Seeking out the

5000 greatest films

in a century of cinema

John Wick


Directed by Chad Stahelski
Produced by Basil Iwanyk, Eva Longoria, Chad Stahelski, David Leitch, and Mike Witherill
Written by Derek Kolstad
With: Keanu Reeves, Michael Nyqvist, Alfie Allen, Willem Dafoe, Dean Winters, Adrianne Palicki, Omer Barnea, Toby Leonard Moore, Daniel Bernhardt, Bridget Moynahan, John Leguizamo, Ian McShane, Bridget Regan, Lance Reddick, and Clarke Peters
Cinematography: Jonathan Sela
Editing: Elísabet Ronaldsdóttir
Music: Tyler Bates and Joel J. Richard
Runtime: 101 min
Release Date: 24 October 2014
Aspect Ratio: 2.35 : 1
Color: Color

Low expectations are the filmgoer’s friend.  When I first heard about John Wick, an action thriller directed by a couple of stunt coordinators and starring Hollywood’s dimmest star, Keanu Reeves, I had no intention of seeing it. But after some good word of mouth and recommendations from a few trusted friends, I decided to give it a go. My expectations remained low because I’ve been convinced to see a lot of terrible movies in this way. So it was a pleasant surprise to find such a competent and stylish picture awaiting me at the multiplex.  John Wick, which tells the story of an ex-hitman (Reeves) who comes out of retirement when the son of his former boss takes away his reasons for living a quiet, normal life, is little more than an excuse for staging multiple action sequences. But first-time director Chad Stahelski makes full use of the opportunity, not only creating some wildly inventive fights, chases, and scenes of gunplay, but also crafting an elegant narrative framework around them. 

Stahelski was Reeves’ stunt double on The Matrix trilogy and the stunt coordinator for dozens of films, like V for Vendetta, The Expendables pictures, and The Hunger Games series. One of John Wick’s main producers (and perhaps its uncredited co-director), David Leitch, also worked extensively in the world of stunts and second unit action directing. But looking back on the extensive list of credits for these two men—Leitch’s work goes back to 1991 where his first major gig was doubling Reeves in Kathryn Bigelow’s cult FBI-undercover-surfer thriller Point Break—nothing in the line up would lead me to expect that they could create exciting action scenes, let alone craft a memorable thriller. I made this presumption because the action/adventure genre has deteriorated so much over the past 20 years due to the reliance on CGI techniques, which have all but removed the laws of physics from action pictures and invariably reduced most Hollywood thrillers to animated cartoons. 

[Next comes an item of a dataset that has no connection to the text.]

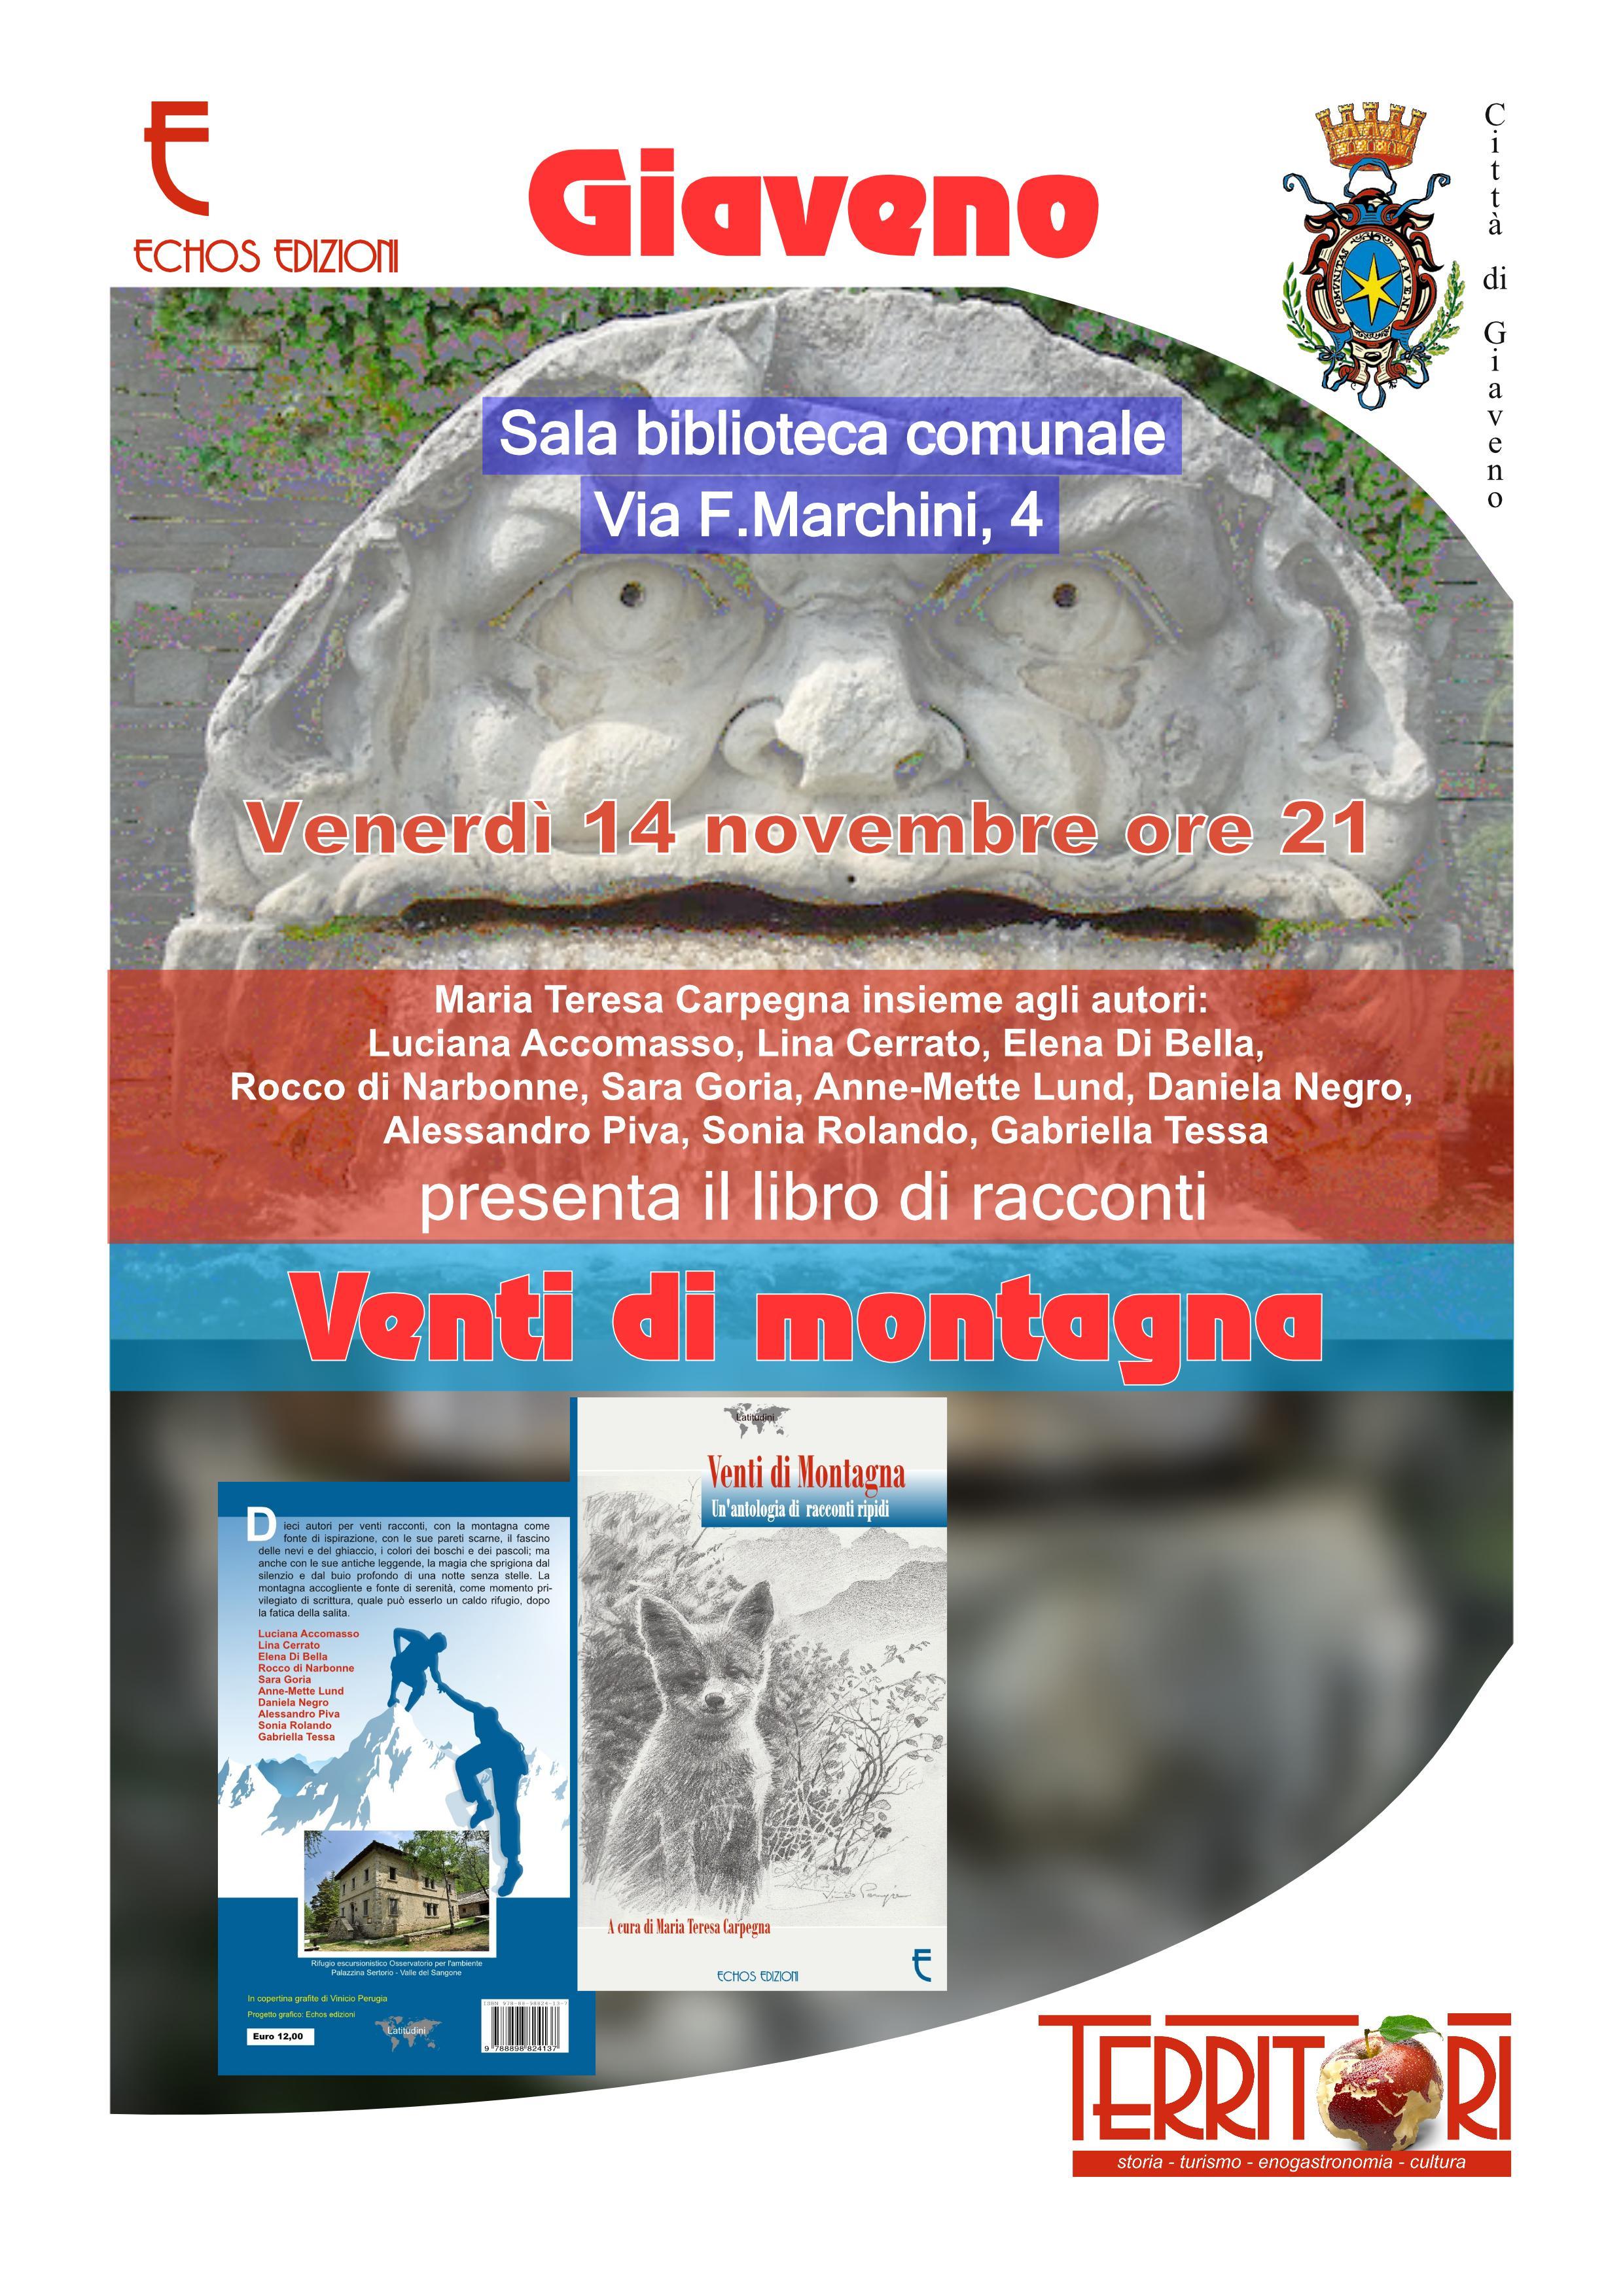 Venti di Montagna – presentazione venerdì 14 novembre 2014 ore 21

But Stahelski and his team utilize the tricks of modern digital filmmaking to give John Wick’s inventive violence an exaggerated yet well-founded quality. They know how to establish the geography of their characters’ surroundings and continuously surprise us with unexpected, yet tenable details. The film presents an enjoyable blend of cool, controlled grandeur and slick, cheesy elegance, reminiscent of director Michael Mann (Manhunter, Heat, Miami Vice).  Also like Mann, Stahelski and screenwriter Derek Kolstad patiently take the time to set up their world and the characters that inhabit it before they start shooting off the guns and blowing up the cars. Everything that happens in John Wick may be ridiculous—this is a movie involving an extensive subculture of assassins and wealthy criminals who play by agreed-upon rules and hang out in private hotels and nightclubs where everyone knows each other by name, face, and reputation—but it never deviates from its own internal logic.  Occasionally the tone dips too far into self-parody, and Stahelski indulges in too much digital post-production (his excessive use of color grading and the distracting way he animates the subtitles for his Russian villains occasionally makes the otherwise adroit film look like a TV commercial) but these are minor complaints.

A bigger problem is Reeves, who’s never been a credible leading man in anything but extremely broad comedies like Bill and Ted’s Excellent Adventure (1989). As an action hero he possesses neither the winsome world-weary quality of Liam Neeson nor the ageless, inexhaustible energy of Tom Cruise. Unlike Daniel Craig he can’t convey an agile mind working frantically away behind a stoic façade, and unlike Clive Owen he possesses no devilishly humorous undercurrent. Like his younger, more overrated clone, Joseph Gordon-Levitt, he’s not a good enough actor to actually inhabit a character on screen, and can only play himself.  But here again, the filmmakers are adept at working within limits. John Wick is a man of few words, so we don’t have to suffer through much awkward, James-Bond-like banter (which Reeves could never pull off). And after working together on so many films, Stahelski seems to know exactly how to use Reeves’ skills when the guns, knives, and fists come out. Not since Steven Soderbergh’s Haywire (2011)—which starred mixed martial arts star Gina Carano—have I seen such well executed and original fight scenes in such an elegant, well cast, if ultimately silly, picture.